On the same day that the complaint was filed a writ of attachment was issued, the affidavit therefor alleging: “that the Defendants in the said action are indebted to plaintiff in the sum of Thirty-Eight Thousand, Two Hundred Thirty-Seven & 50/100 Dollars ($38,237.50), of the United States, *759 over and above all legal set-offs and counter-claims upon a written contract, for the direct payment of money, to-wit: _ and that such contract was made and is payable in this State, ...”

After filing the original complaint plaintiff filed an amendment whereby it substituted the Exhibit “B” to the original complaint for a different exhibit. A demurrer to the original complaint as thus amended having been sustained, the plaintiff filed the second amended complaint herein upon which the issues were joined at the trial.

The second amended complaint also contained two causes of action, the first alleging that:

“. . . defendants above named became indebted to plaintiff upon an open book account for moneys paid over to and loaned to said defendants and moneys paid on behalf of said defendants, all at the specific instance and request of said defendants, and each of them, in the sum of Thirty-Eight Thousand, Two Hundred Thirty-Seven and 50/100 Dollars ($38,237.50), plus interest at legal rate thereon from the 30th day of April, 1948, all of which said money was had or received by the defendants for the use and benefit of the plaintiff.”

The second cause of action set forth the contract between defendants and plaintiff and alleged various items of damages resulting to plaintiff because of defendants’ “breach of said contract in bad faith. ’ ’

The defendants’ answer, after a general denial of the two counts contained in plaintiff’s second amended complaint, set up two affirmative defenses to the first cause of action and three affirmative defenses to the second cause of action.

The affirmative defenses to the first cause of action are (1) that no book account existed between the parties, and (2) that since no book account existed and this is an action on an implied contract, the action is barred by the provisions of section 339, subdivision 1, of the Code of Civil Procedure, the complaint having been filed more than two years after the cause of action arose.

The affirmative defenses to the second cause of action are (1) that plaintiff has irrevocably elected to rescind the contract and is estopped to sue for damages for breach thereof, (2) that the action is barred by the provisions of section 338, subdivision 4, of the Code of Civil Procedure, and (3) that plaintiff, after October 1, 1948, with full knowledge of the *760 facts, assumed the obligations of defendants under the North Coast contract and is estopped to claim damages herein.

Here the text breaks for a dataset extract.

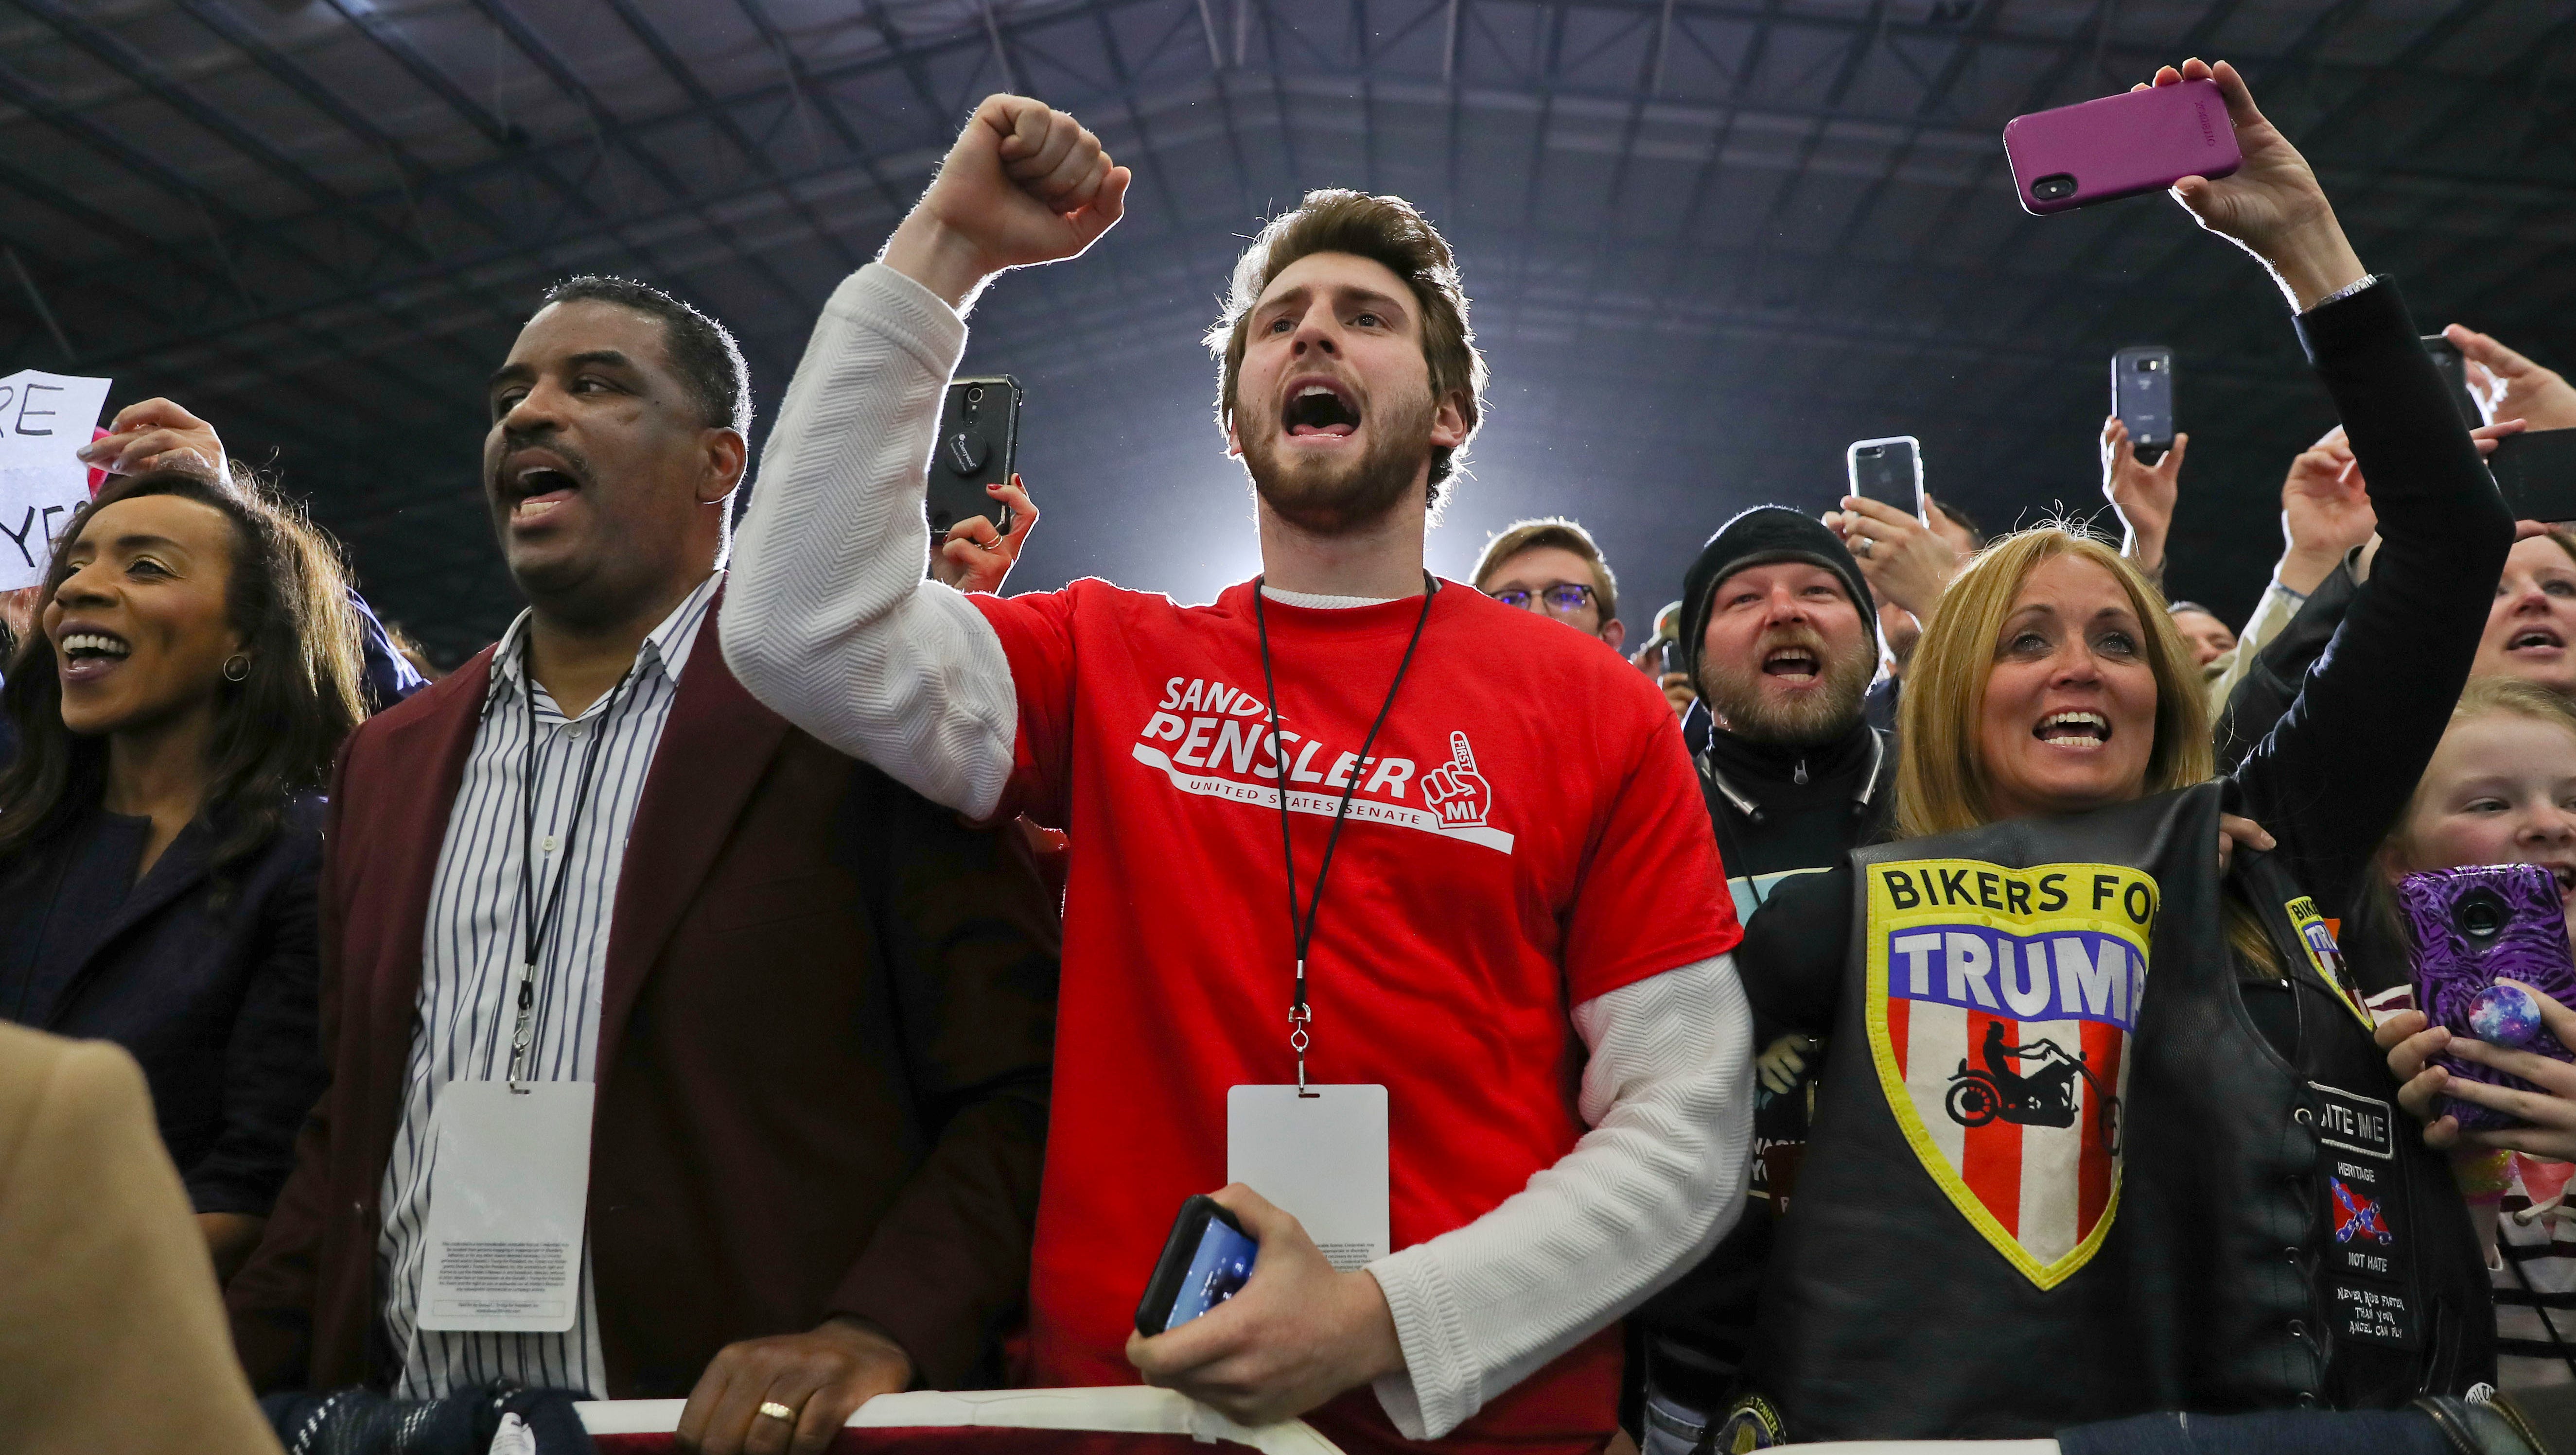 Supporters react to President Donald Trump being introduced at the rally,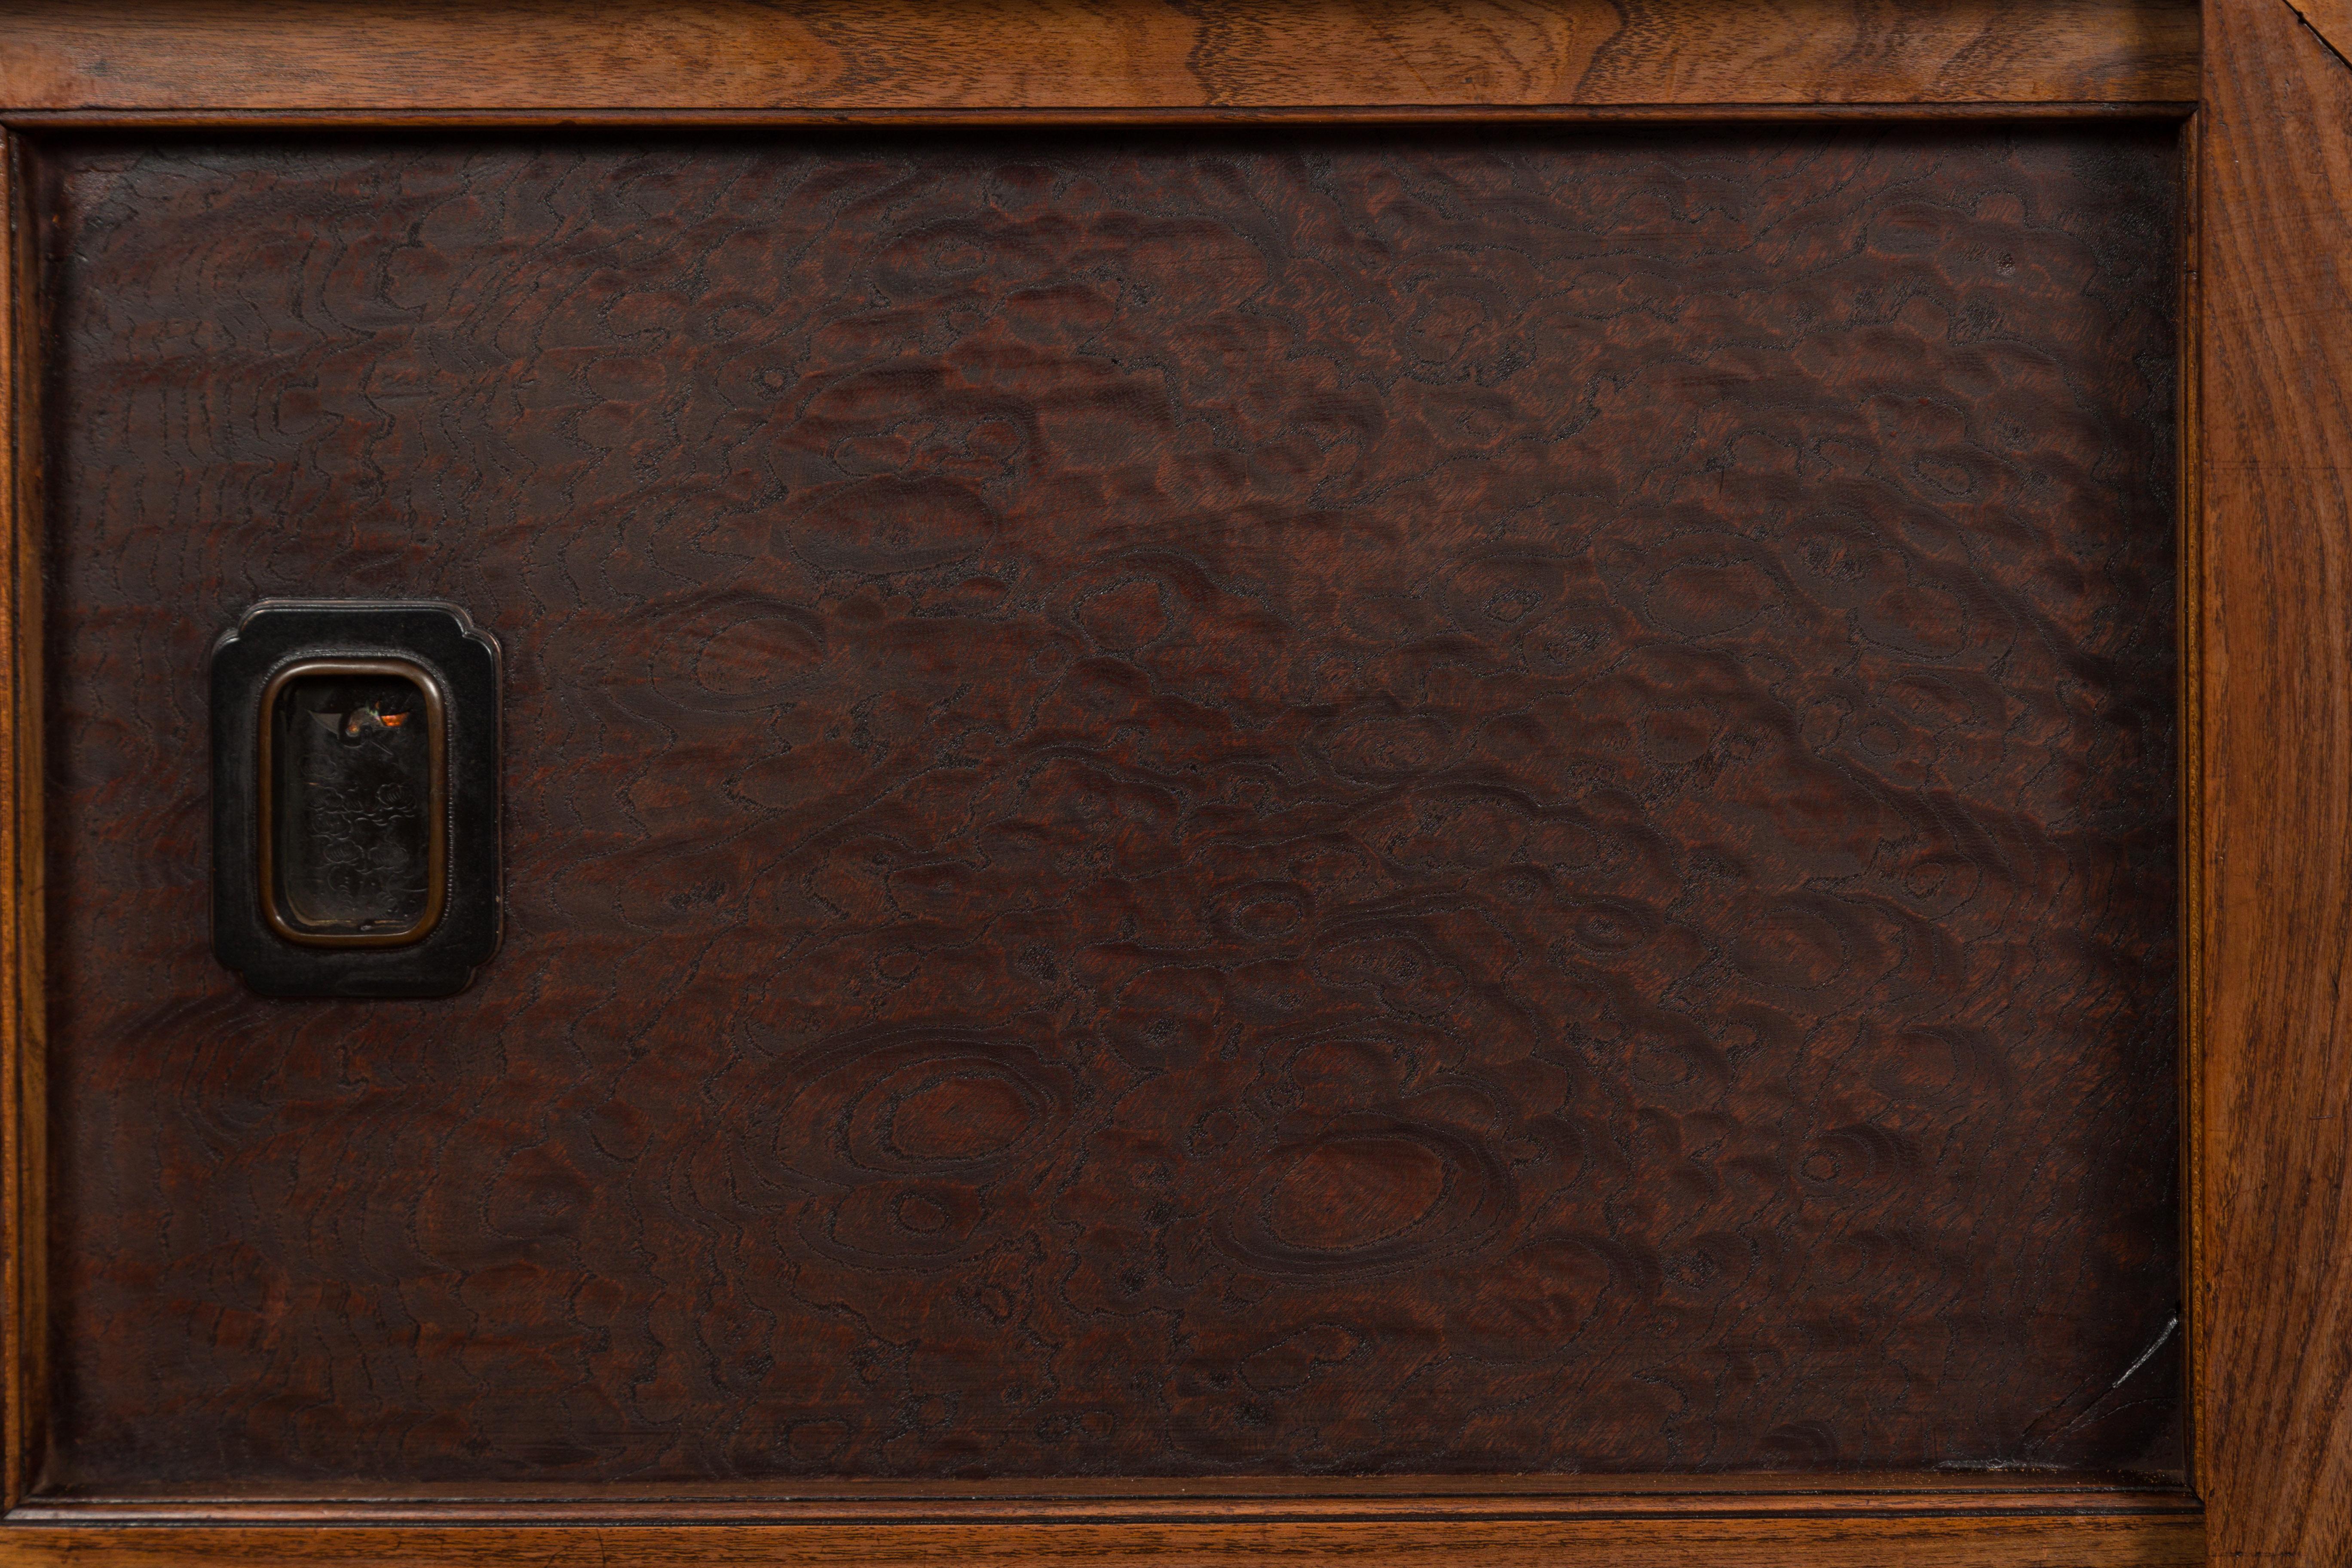 Japanese Meiji Period 19th Century Tansu Chest with Sliding Chest and Drawers For Sale 8

The action was tried by the court sitting without a jury. At the conclusion of plaintiff’s evidence defendants made a motion for a nonsuit and the court granted the motion as to count one upon the ground that plaintiff had not proved' a book account, but denied the motion as to count two. After the trial had been concluded the court found generally in accordance with the allegations of count two and against the affirmative defenses of defendants, and found that plaintiff was entitled to recover the following items of damages from defendant:

A. $31,250 paid on account of purchase price as provided in contract, Exhibit A to plaintiff's second amended complaint, together with interest at legal rate from April 30,1948, to the date of judgment.
B. For the sums of $781.25 interest and $313.60 taxes paid by plaintiff to defendants by paying said sums, at the specific instance and request of defendants, to the North Coast Development Company on behalf of said defendants.
C. For' the sum of $1,512.95, for the cost of constructing the roads on the lands in question, so expended in preparation to properly enter upon the land, and which sum the court found to be the reasonable expenditure for that purpose.
D.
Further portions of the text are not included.